Subtitled Adventures in Lyon as a Chef in Training, Father, and Sleuth Looking for the Secret of French Cooking. (whew). I’m not even that interested in gastronomy but was intrigued enough to take a look and got completely hooked. He’s a wonderful writer: vivid, thorough, and direct. Such a challenge: three-year-old twins, no French to speak of, and ending up not in glamorous Paris but in a city that seemed tough and homely at first. And people who seem unfriendly, also at first. And the brutality of the trade with a rigor that seems insane to the uninitiated (me). But he’s determined, passionate, and ultimately delivers what he promised. The “secret” is in the book’s title and a strong case for truly organic soil cultivation. Lots of history too. A treasure!
Tabitha, awkward and eccentric, is in jail. The day a body was found in her shed is a blur but she knows intuitively she didn’t do it despite all evidence to the contrary. Her attorney pushes a guilty plea so she fires her and becomes her own counsel. She combs the documents, artifacts, and store camera findings obsessively. The setting: a quaint seaside village, where she grew up, with a dark history she’d hoped to overcome. Tabitha is such a fascinating character: prickly, sometimes explosive, but she has hidden smarts and intrinsic integrity.

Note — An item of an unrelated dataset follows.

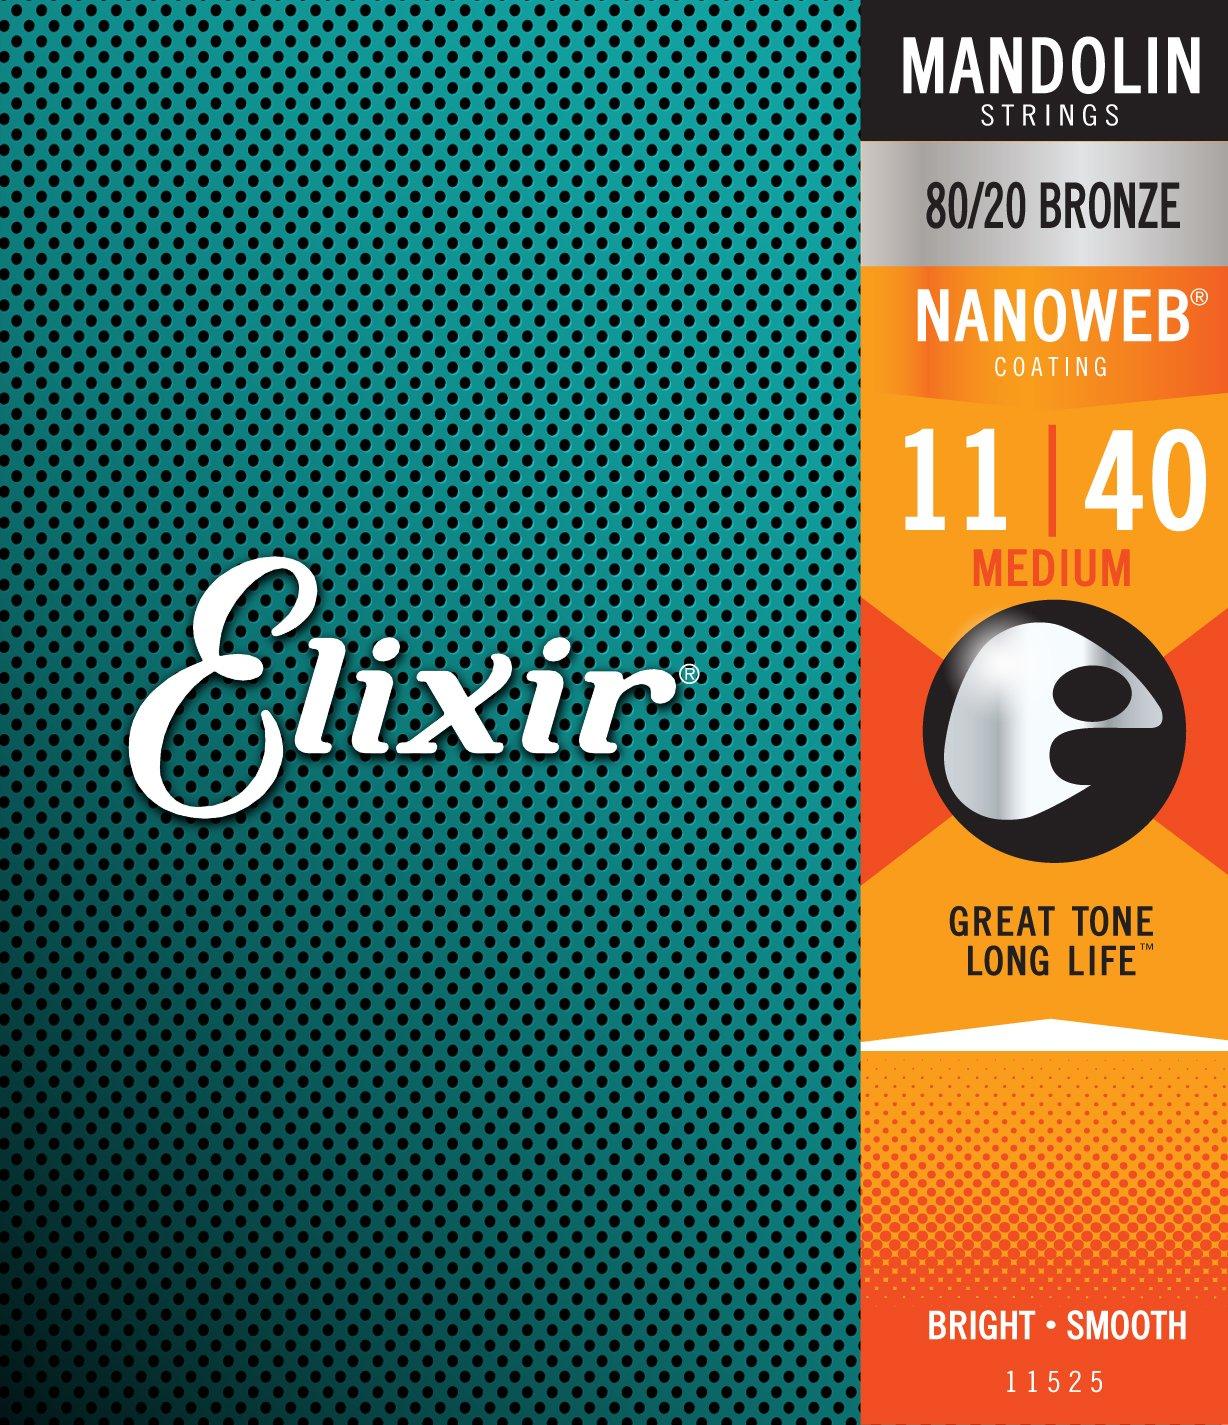 Elixir Strings Mandolin Strings w NANOWEB Coating, Medium (.011-.040) W.L. Gore & Associates Inc. 11525

I finished the book in one breathless gulp, reading way into the night.
Korean-American Joon, 13, gets the lowdown from African American Knowledge (that’s her name) which she really needs when they bust out of the shelter. Oh those mean streets; you need drugs to do the demeaning things you need to do to stay alive. A dregs of a life it is, but Joon is a survivor. Why is this book not depressing? Because Joon’s spirit is so strong and she’s a brilliant narrator. I can’t imagine going through such degradation and it always amazes me when people come out the other end relatively intact, perhaps even stronger. Set in the Bronx.
Our unnamed narrator is visiting a friend, a fellow writer, battling cancer. While there she sits in on a lecture by her ex, also a writer, whose view of the future is about as bleak as it gets. Her friend (no character bears a name) asks her to see her through assisted suicide and thus starts a very peculiar journey that reminds me of Schrodigner’s Cat: what’s it like to know you’ll be leaving this earth imminently and when is the right time? A suspended state, for sure. The only person our narrator confides in about the plan is her ex, and this leads to fascinating discussions about the nature of life and death and what’s important. Many references to writers—lots of names here—and at first I thought I was reading nonfiction but then I checked the catalog. Nunez is sui generis and I find her very intriguing.